◆ DATASET SECTION ◆

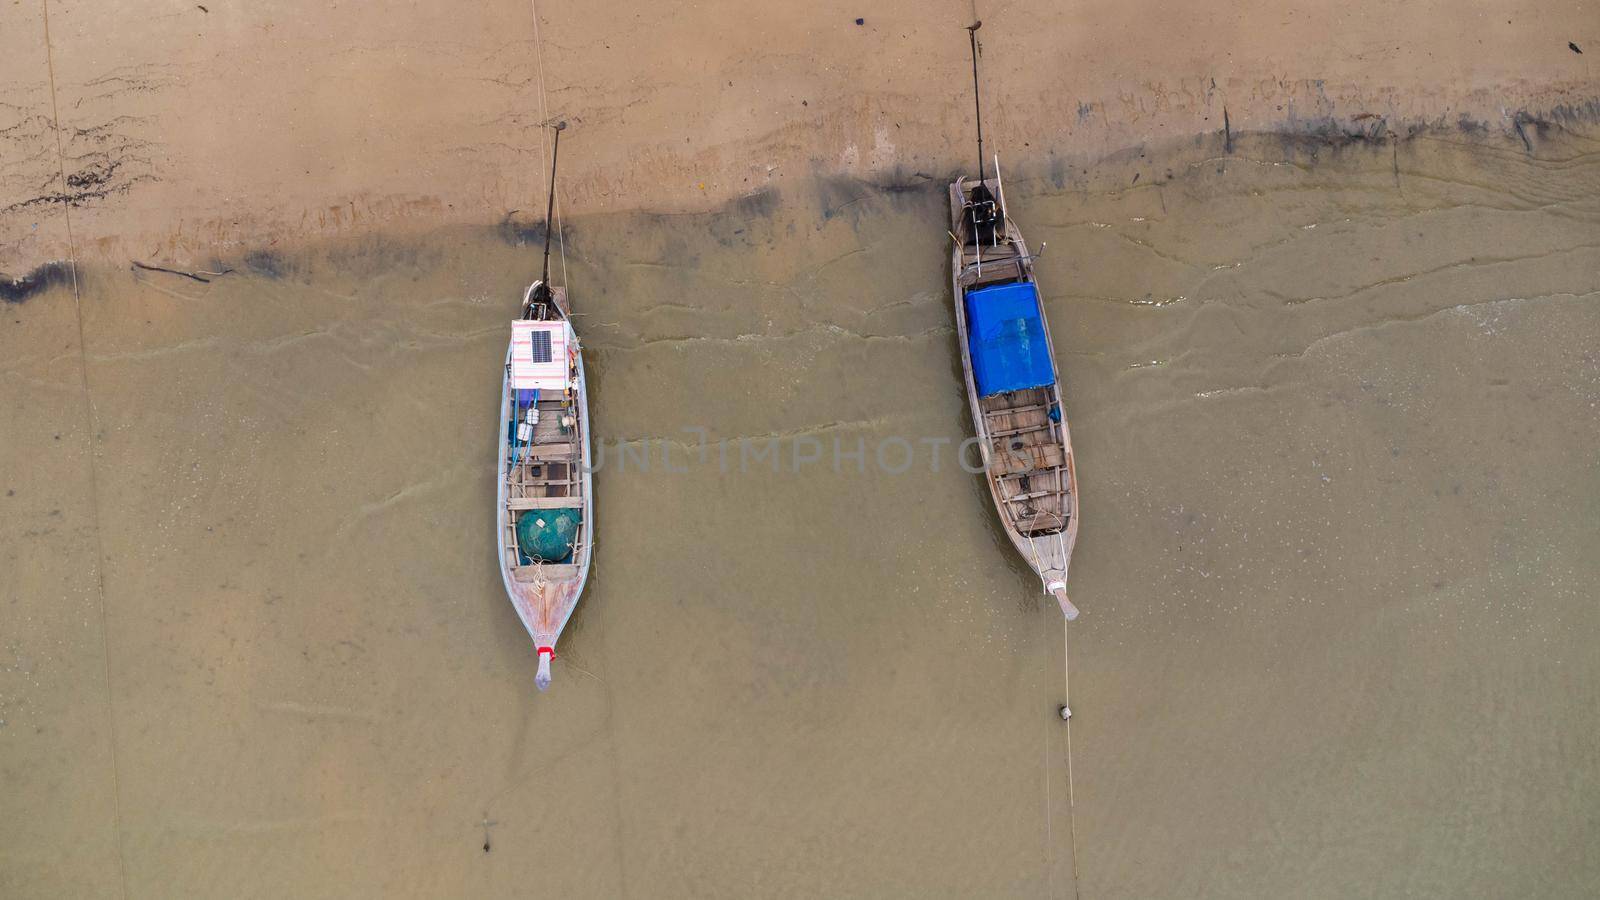 Many fishing boats near the seashore in tropical islands. Pier of the villagers on the southern island of Thailand. top view from drones.
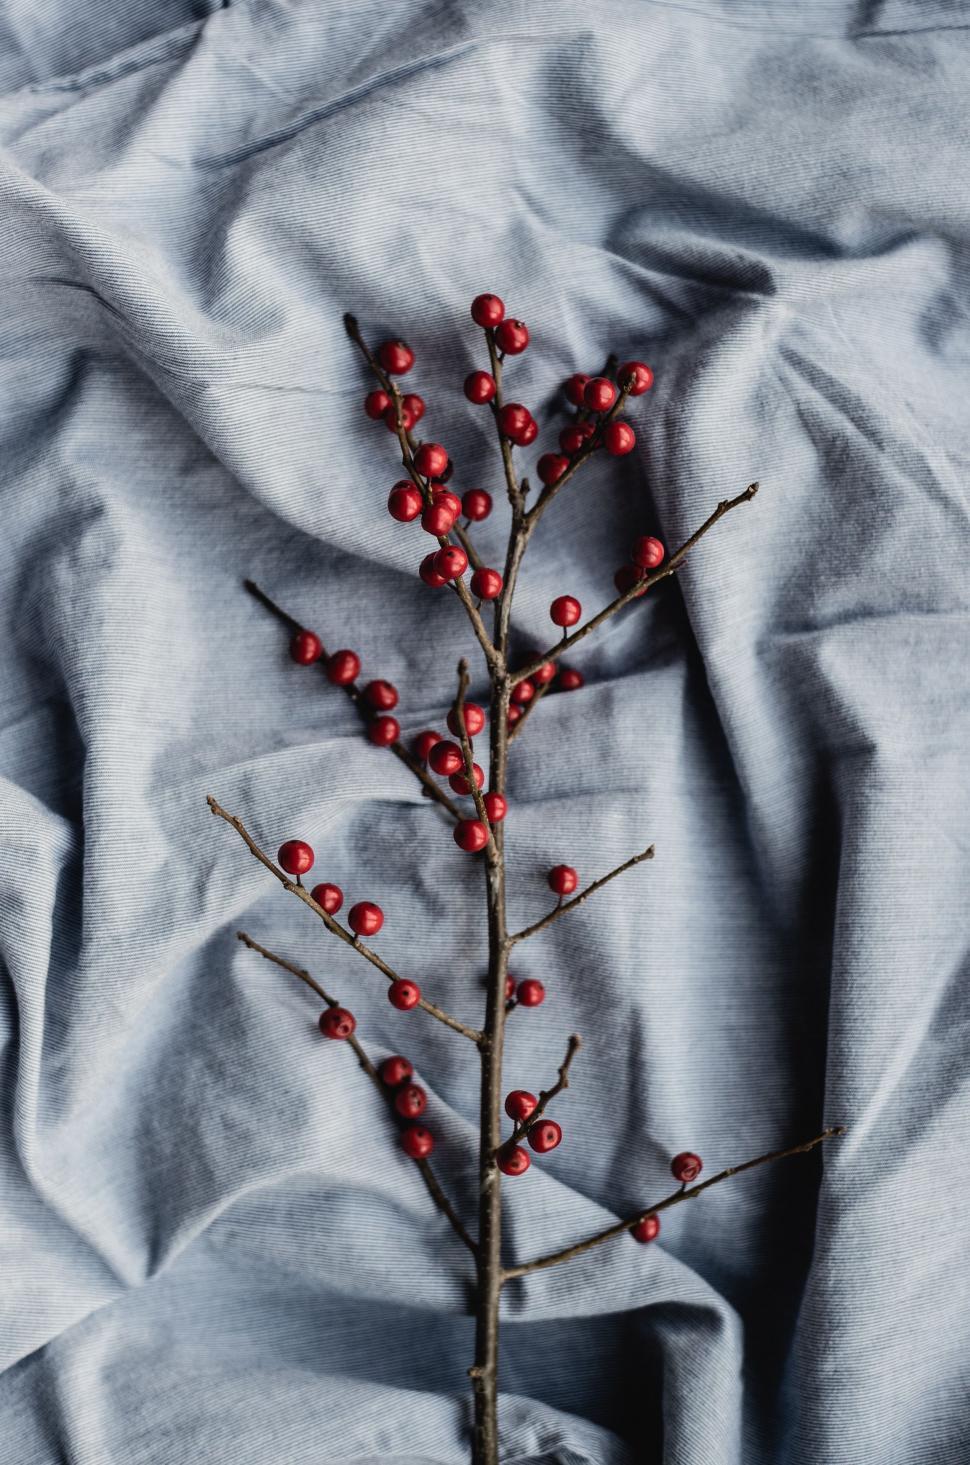 Free Image of Branch With Red Berries on Gray Cloth 
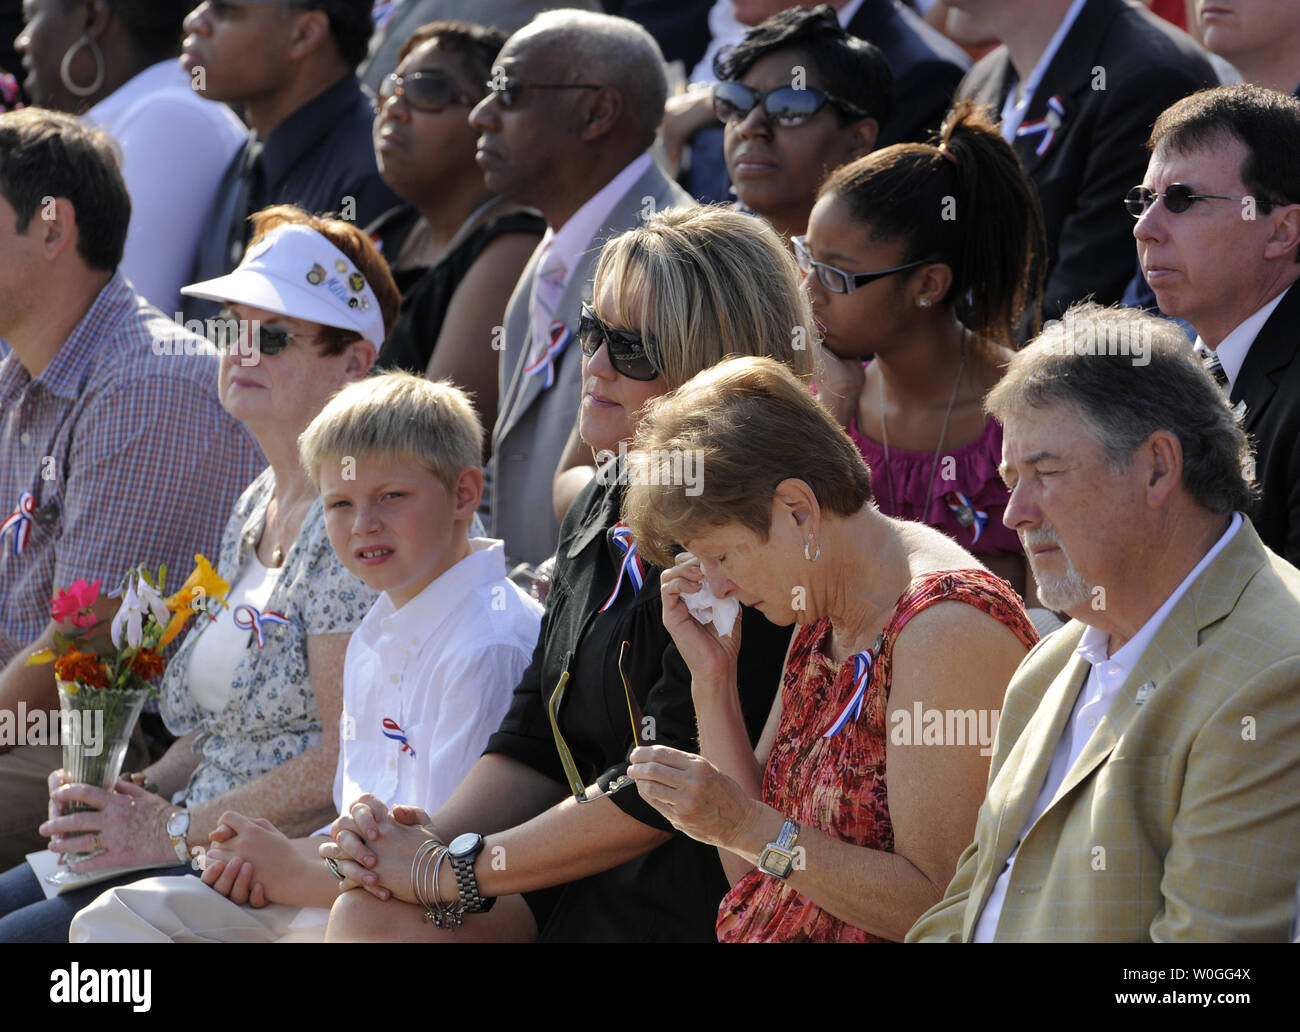 Patricia Falllon (C) of Fredericksburg, Virginia, who lost her daughter, Navy SK3 Jamie Fallon during the Pentagon attack, wipes tears during the 10th anniversary ceremony, September 11, 2011, in Arlington, Virginia.  On September 1, 2001, high-jacked American Airlines flight 77 crashed into the Pentagon, killing all 64 passengers on board and 125 in the Pentagon.   UPI/Mike Theiler Stock Photo
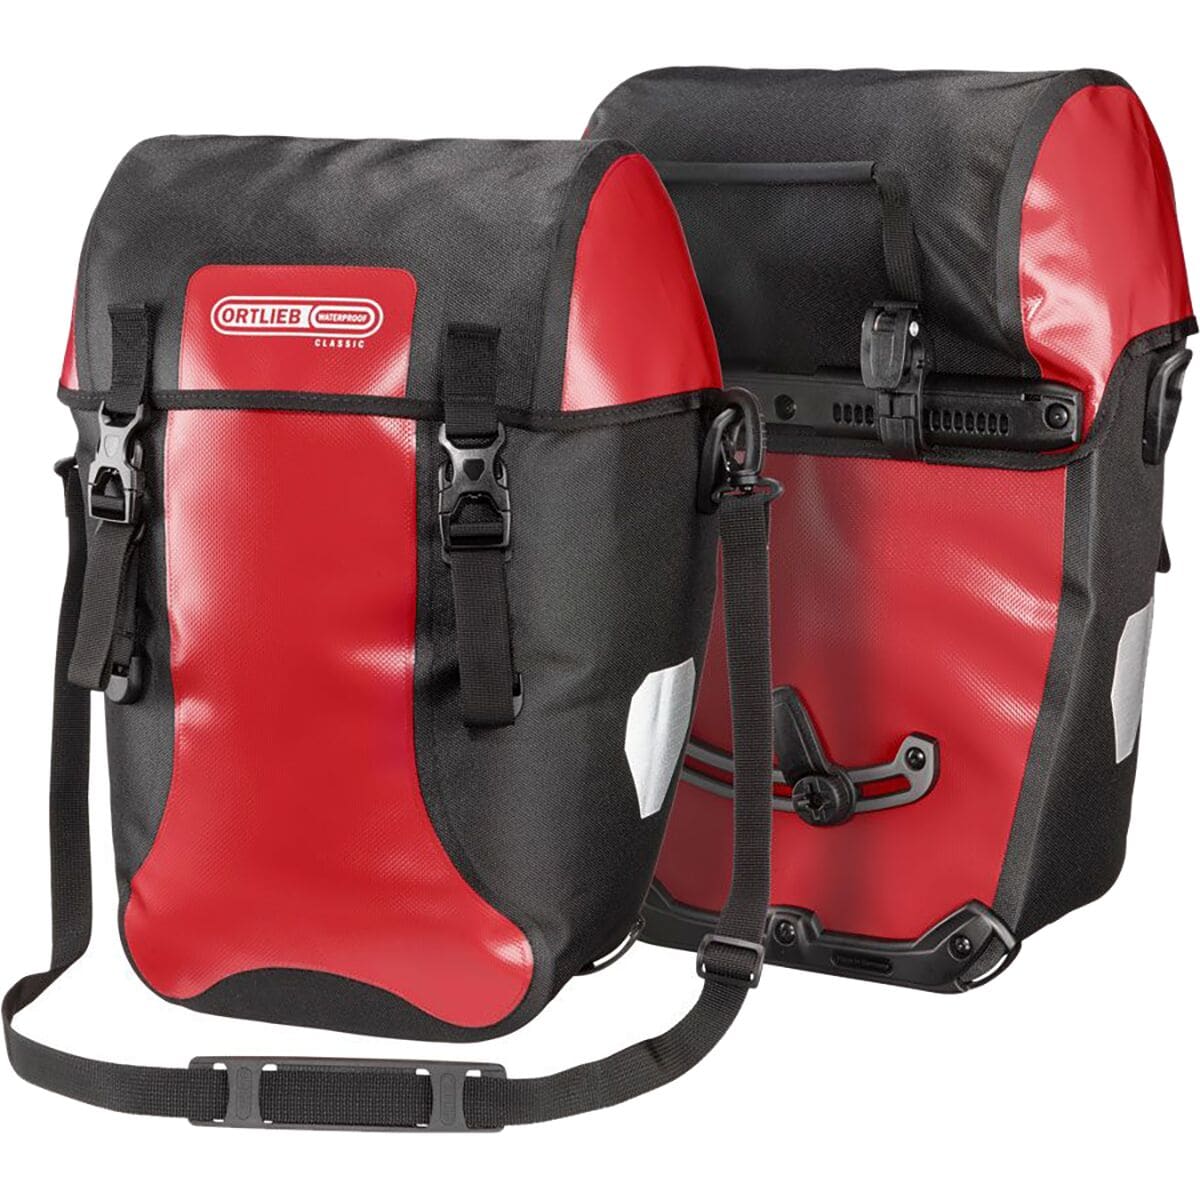 Ortlieb Bike-Packer Classic Panniers - Pair Red/Black, One Size

◆ EXERCISE DESCRIPTION ◆
Transcribe the listing exactly; skip the pictures.

◆ OUTPUT FOR THIS EXERCISE ◆
 Many fishing boats near the seashore in tropical islands. Pier of the villagers on the southern island of Thailand. top view from drones.
 Free Image of Branch With Red Berries on Gray Cloth 
 Patricia Falllon (C) of Fredericksburg, Virginia, who lost her daughter, Navy SK3 Jamie Fallon during the Pentagon attack, wipes tears during the 10th anniversary ceremony, September 11, 2011, in Arlington, Virginia.  On September 1, 2001, high-jacked American Airlines flight 77 crashed into the Pentagon, killing all 64 passengers on board and 125 in the Pentagon.   UPI/Mike Theiler Stock Photo
 Ortlieb Bike-Packer Classic Panniers - Pair Red/Black, One Size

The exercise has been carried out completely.